Dara Douglas [00:50:58] Yes, there is a partial restock that is going to be dropping November 15th so students can actually purchase items in both Spelman’s Bookstore and Morehouse’s Bookstore and then online. So R0 the Ralph Lauren dot com so keep a lookout but it will be there. There’s some things that have already been restocked, but then there’ll be additional items.
Panama Jackson [00:51:27] Now that’s like the biggest new that’s like the biggest Christmas news of all time for the Morehouse Spelman community. Because I know for a fact I have one friend, no lie, probably twice a week. Re like like reloads the page just to see just to see, if anything, the things that he was looking for are restocked. Well, what else is next? I mean, like like this this was a this is a tremendous undertaking. Like like I am I’m proud of you all. I am impressed by you all. Like, clearly you all are able, you know, as individuals, as a collective, to put together anything that is is compelling. Like that’s how I feel. But what’s next either individually? Like, if you can say anything anyway, you might just be like, I can’t really talk about that. So, you know, it is what it is, but what’s next? Dara what’s next?

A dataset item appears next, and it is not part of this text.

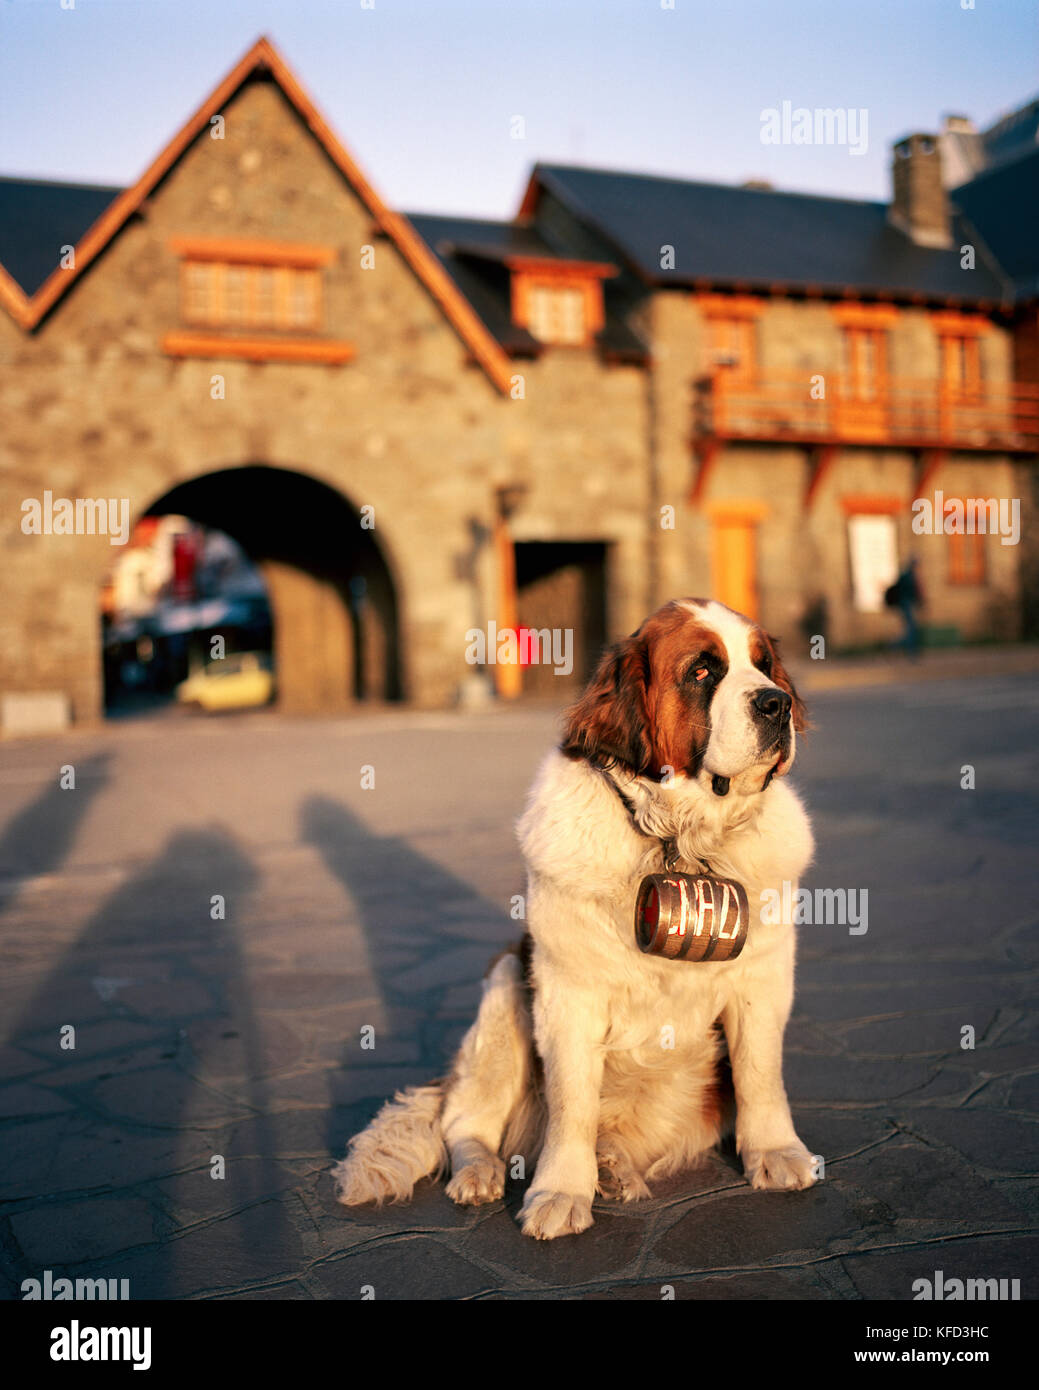 L'Argentine, Bariloche, close-up of dog sitting on street Banque D'Images

Dara Douglas [00:52:16] So, you know, the the new department, the design and content department, we’re essentially, as I mentioned before, we’re expanding how we readdress or re-imagine or address our brand codes, understanding that the American landscape is expansive. So we’re hoping to tell those stories from, you know, specific American perspectives. So I can’t go into a tremendous amount of detail, but we have an artist in residence program and so just, you know, keep a lookout in that way. But this essentially was just the beginning of how we tell stories. This is just one of the amazing American stories. And there’s so many more to tell.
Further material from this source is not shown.